Did it ever even occur to you to read the original document? Here: http://www.ilrweb.com/viewILRPDF.asp?filename=atlantic_howell_071207RIAASupplementalBrief
Let's pull some quotes.
"the Court asked the parties to address the following questions: . . . Did Defendant Howell admit on the record that he is responsible for the Plaintiff’s copyrighted material appearing in his Kazaa shared folder?" (p. 2)
"Defendant actually distributed the 11 sound recordings . . . from the KaZaA shared folder on his computer to Plaintiffs’ investigator" (p.3)
"it is undisputed that all 54 of the Sound Recordings at issue were in the KaZaA shared
folder on Defendant’s computer" (p.4)
"Defendant acknowledges that he saw evidence of other KaZaA users downloading files from the shared folder on his computer." (p. 4)
"Defendant authorized distribution by placing Plaintiffs’ copyrighted works in his shared folder, where they were then available to other KaZaA users." (p. 5)
And that's just the first five mentions of "shared folder." It's obvious (to anyone who actually *read* the brief) that the references to "shared folder" are in the context of use of the Kazaa file-sharing service.
In other words, in the Atlantic v. Howell brief, the RIAA is objecting to the user converting the music to MP3 and putting it in a shared folder that they knew would distribute it via the Kazaa file-sharing service -- precisely what they've been objecting to for nearly a decade.
But rather than address the actual argument the RIAA is making, it's quite convenient to pull a single sentence out of a 20-page brief and use it out of context to serve your own agenda isn't it?

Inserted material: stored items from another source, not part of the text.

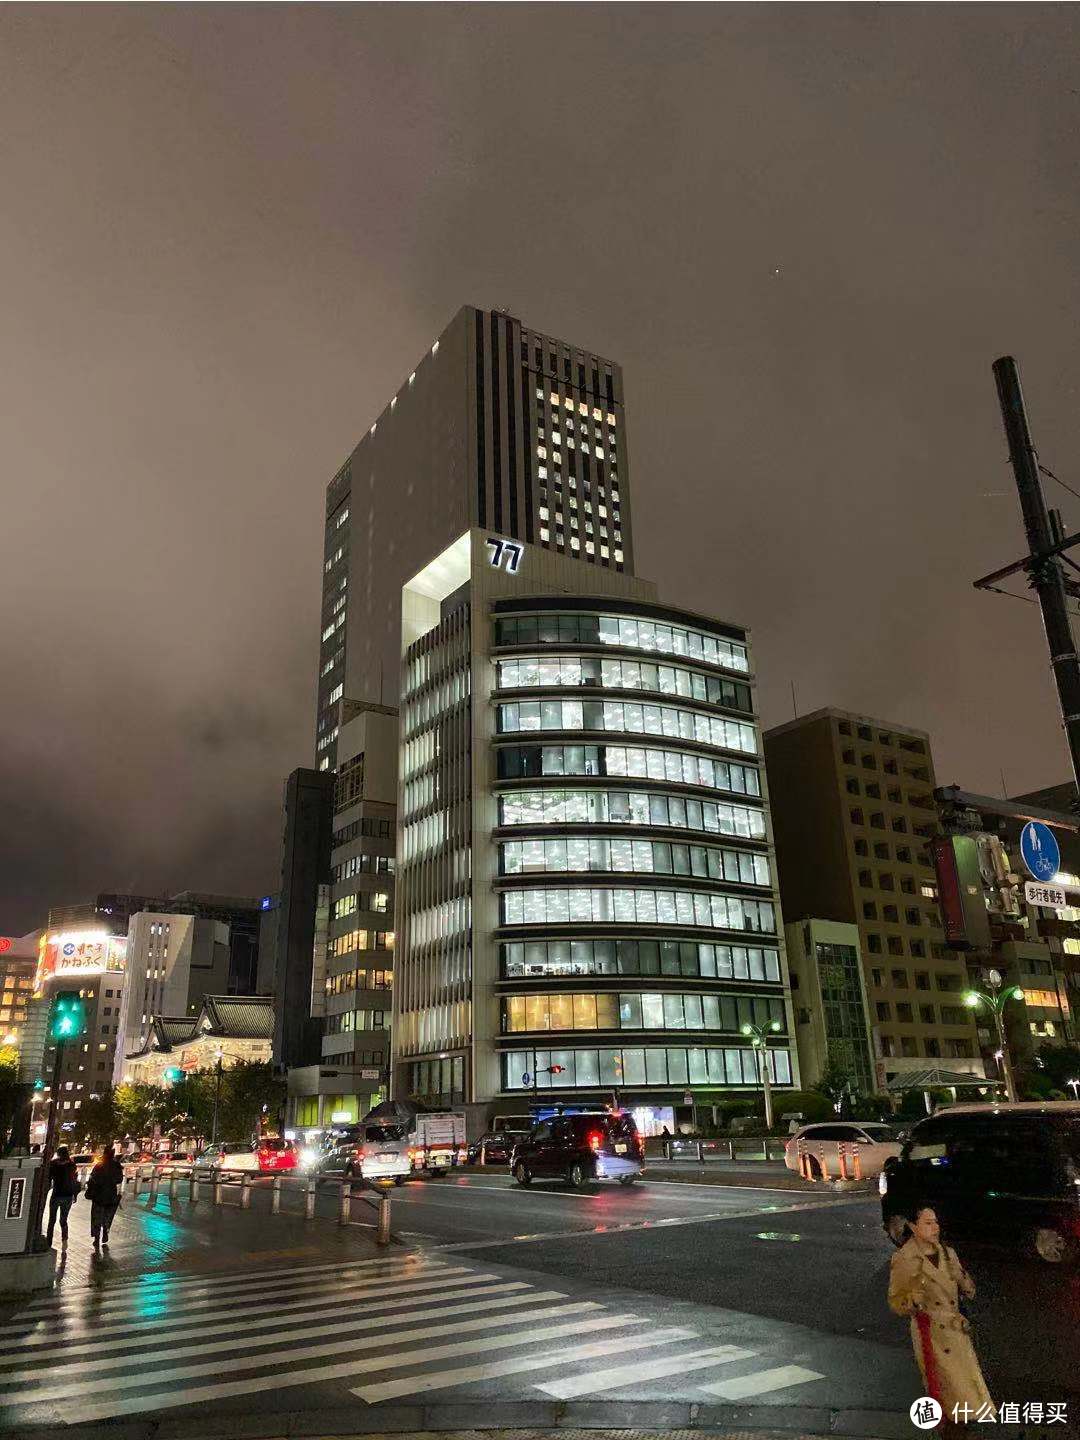 日本-新宿 夜间模式样片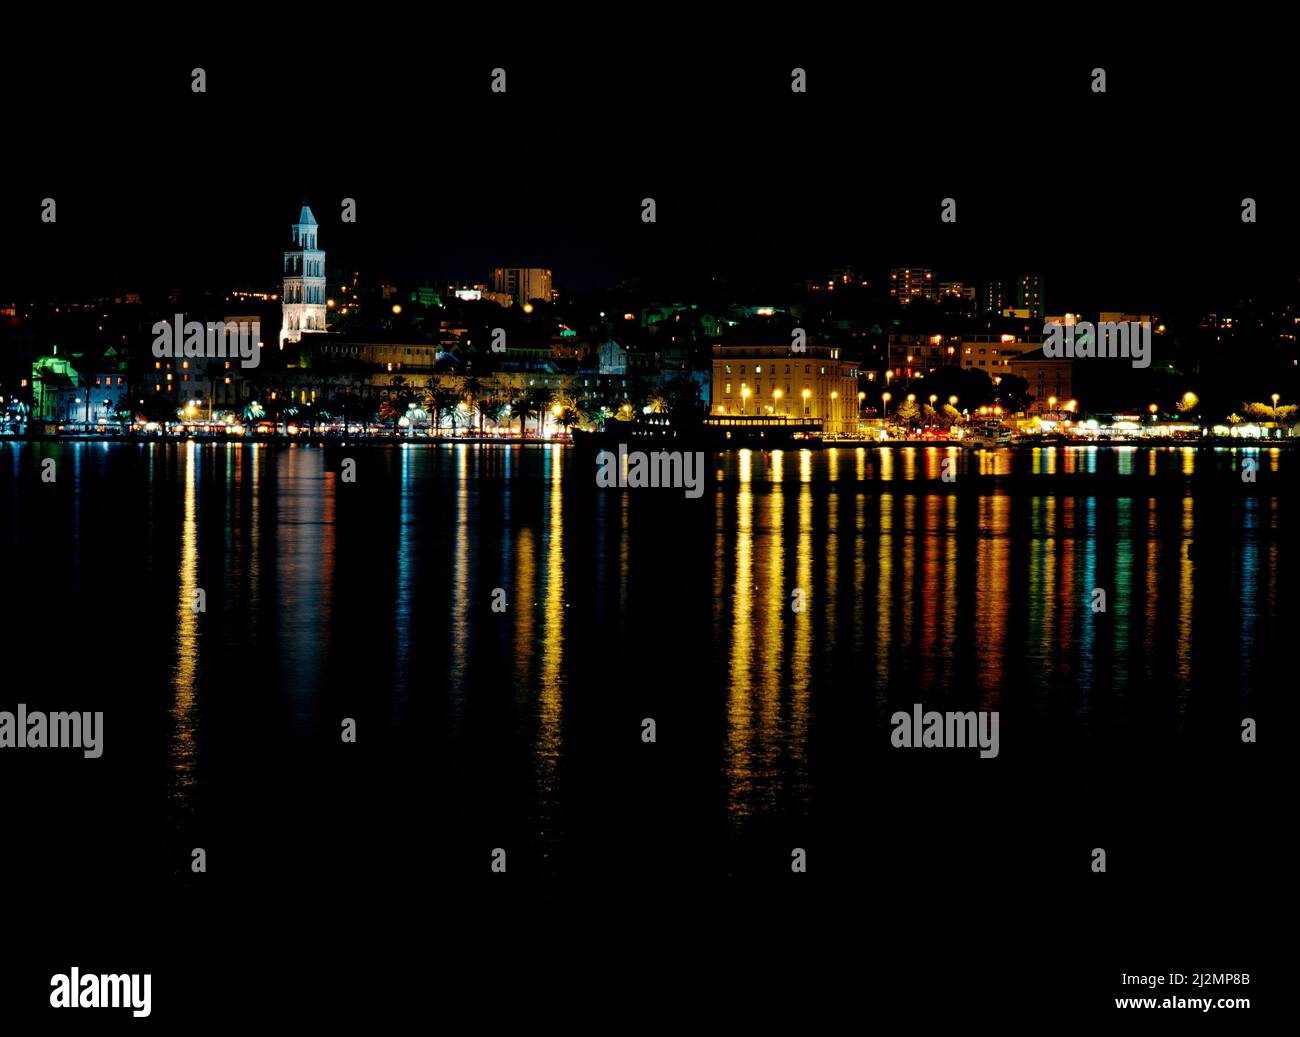 Ville de Split, réfection nocturne d'eau claire, Croatie Banque D'Images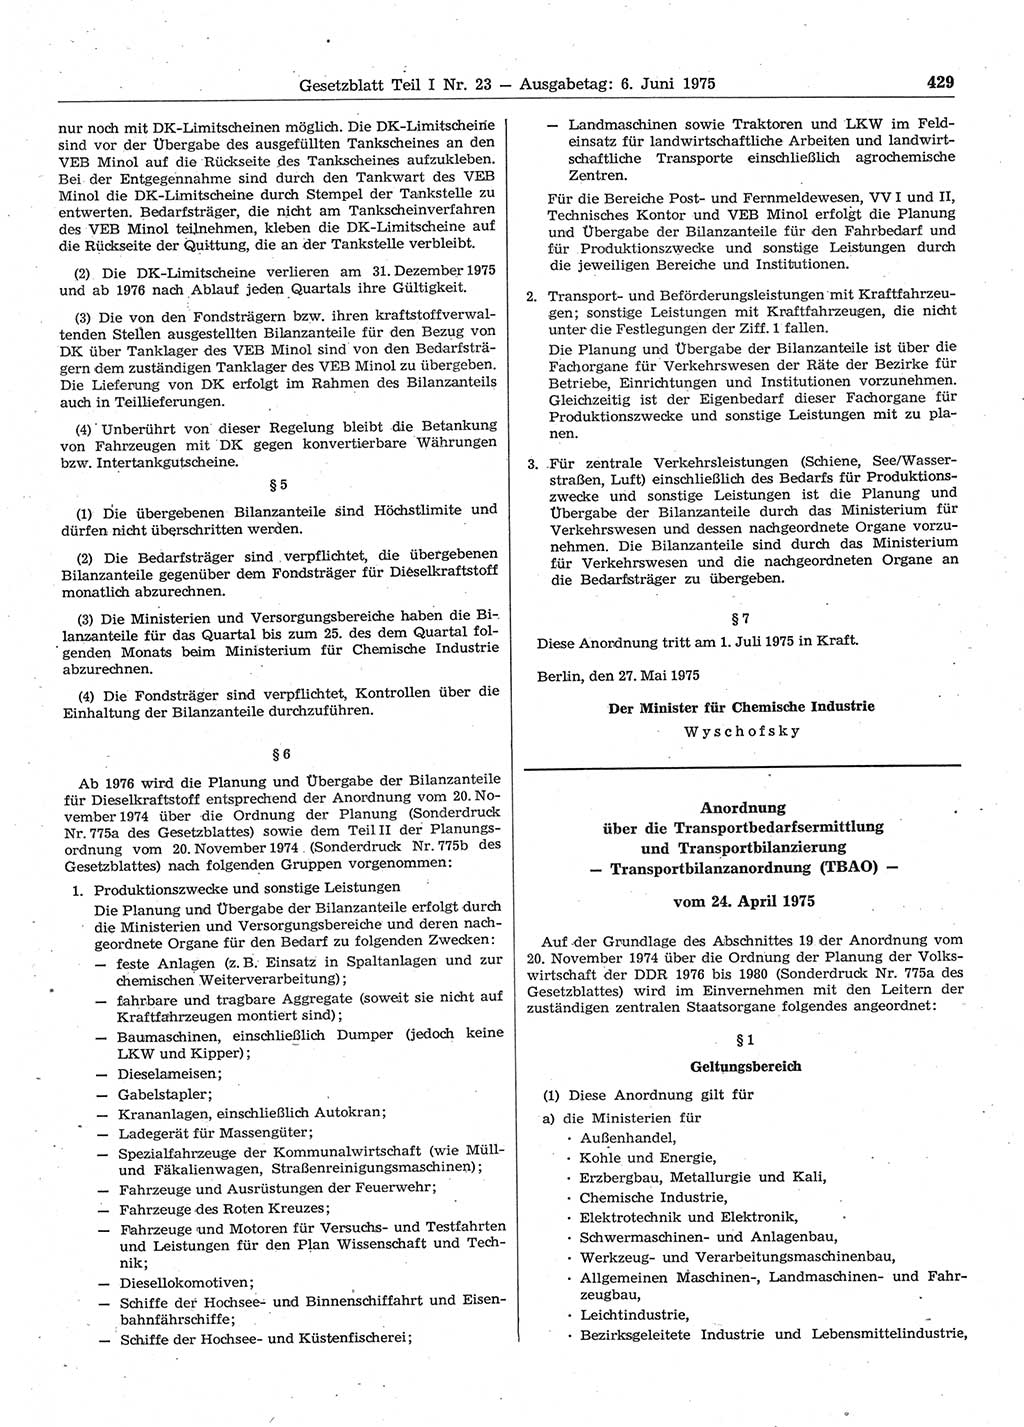 Gesetzblatt (GBl.) der Deutschen Demokratischen Republik (DDR) Teil Ⅰ 1975, Seite 429 (GBl. DDR Ⅰ 1975, S. 429)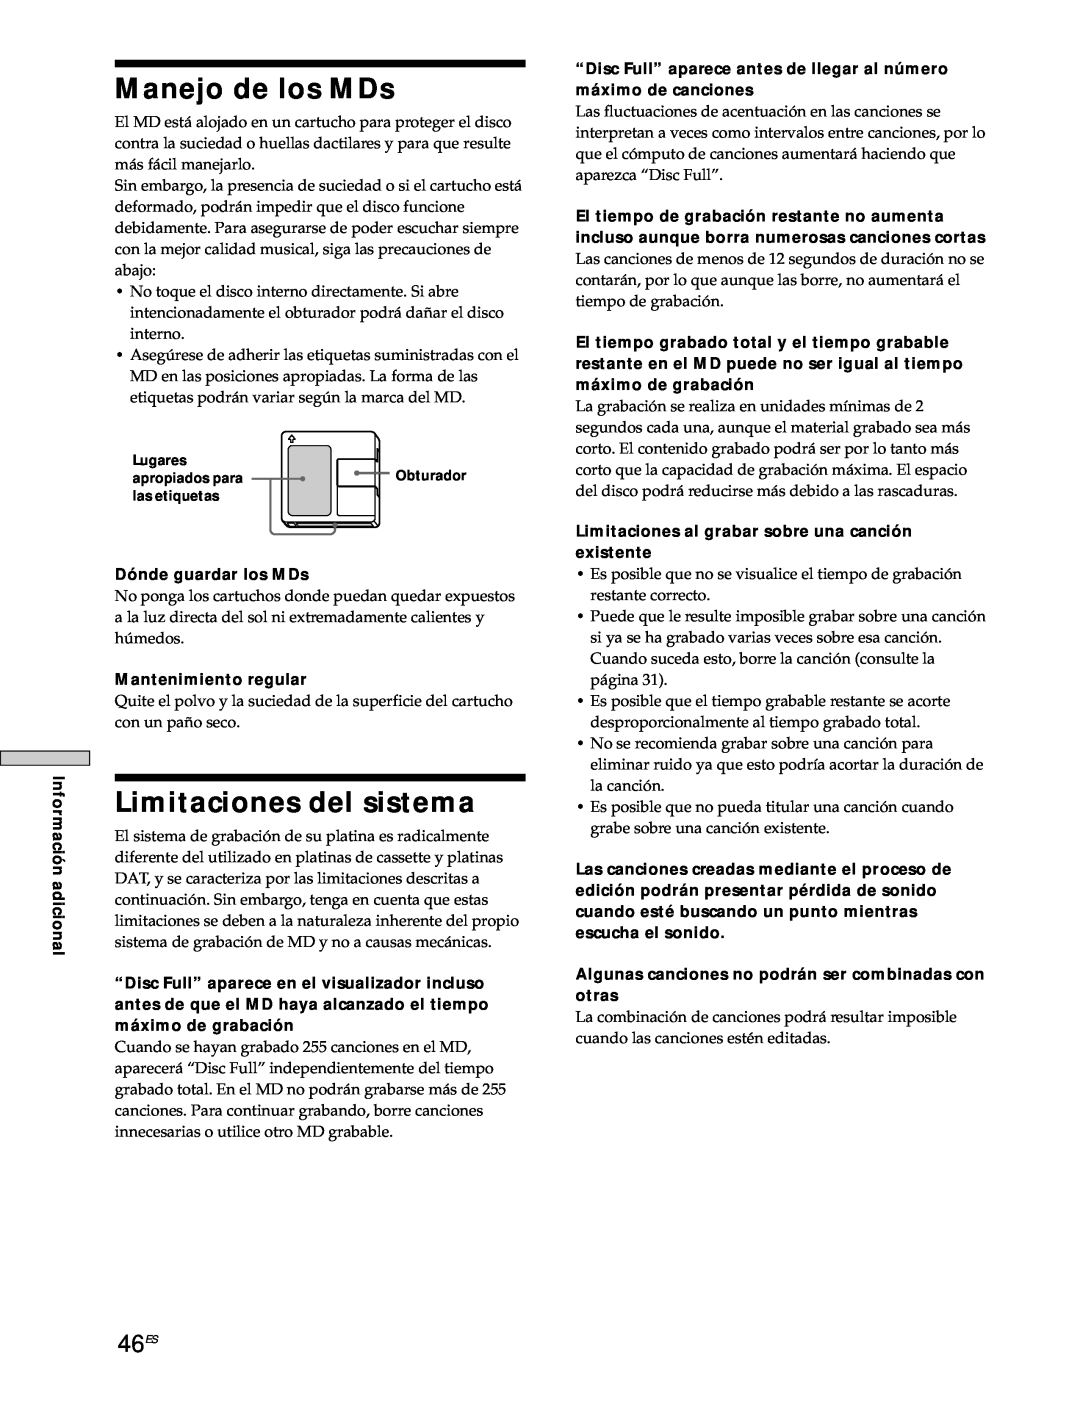 Sony MDS-JE530 manual Manejo de los MDs, Limitaciones del sistema, 46ES 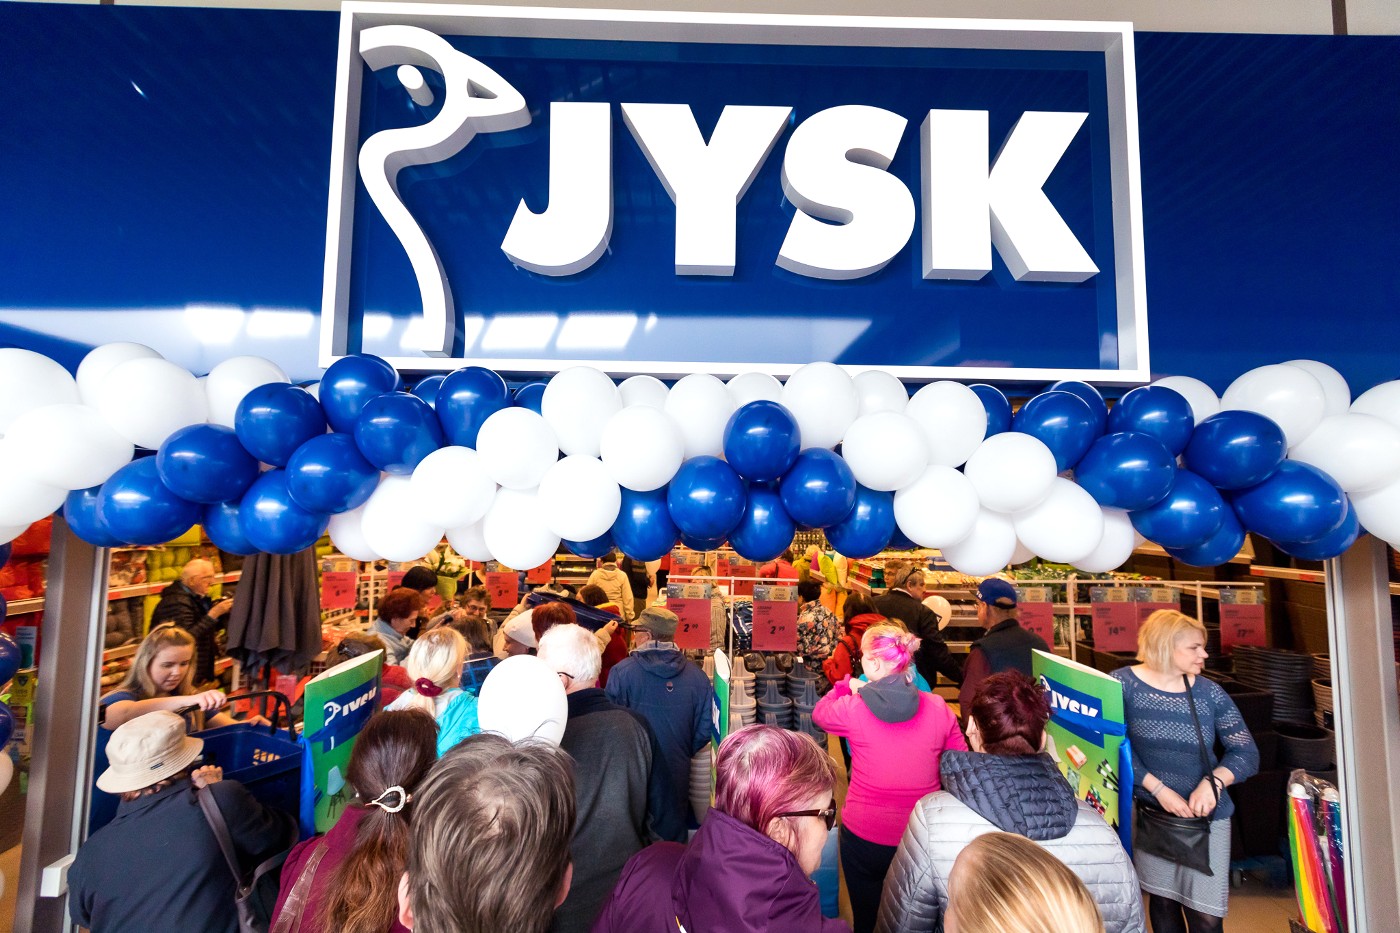 Jysk Хаапсалу — первый магазин в Ляэнемаа

I don't know if this is intentional and deceptive on your part. I doubt it. More likely you're just blindly parroting back someone else's deception because it conveniently falls in line with your own pre-determined opinions about the RIAA. But if you want Read/Write Web to be taken seriously, you need to show more integrity in your writing, instead of just parroting back what you read elsewhere because it *appears* to confirm what you want to believe.
For the record, I'm not an RIAA apologist. I despise them and their tactics as much as the next person. But what I despise even more are anti-RIAA zealots who use the same tactics of deception, misinformation, twisting of words and concepts. Adopting the same unethical strategies as the RIAA to smear those opponents just damages your credibility (especially when there are solid, valid arguments to be made in favor of file-sharing).
And almost as bad are the mindless lackeys that line up behind these unethical anti-RIAA propagandists and perpetuate the misinformation. Yes, I'm looking at you, Kirkpatrick.
Posted by: Greg | December 12, 2007 5:52 AM
Greg, that was a very thorough explanation of a perspective that many people have and sounds solid to me. You should take them smarts you got and start yourself a news blog - sounds like you'd do a good job of it.
Posted by: Marshall Kirkpatrick | December 12, 2007 7:44 AM
Marshall
TechDirt already pimps this taco quite nicely.
Posted by: James Lewin | December 12, 2007 12:57 PM
This story is getting beaten to death by so many blogs right now. Look, we all know headlines like this get site traffic, but it kills the respect.
No one likes the RIAA, but this whole thing is taken out of context. The banana sandwich line is true. Once you rip music and SHARE it, yeah... that's not legal. I wish it was, but I would probably lose that argument in court.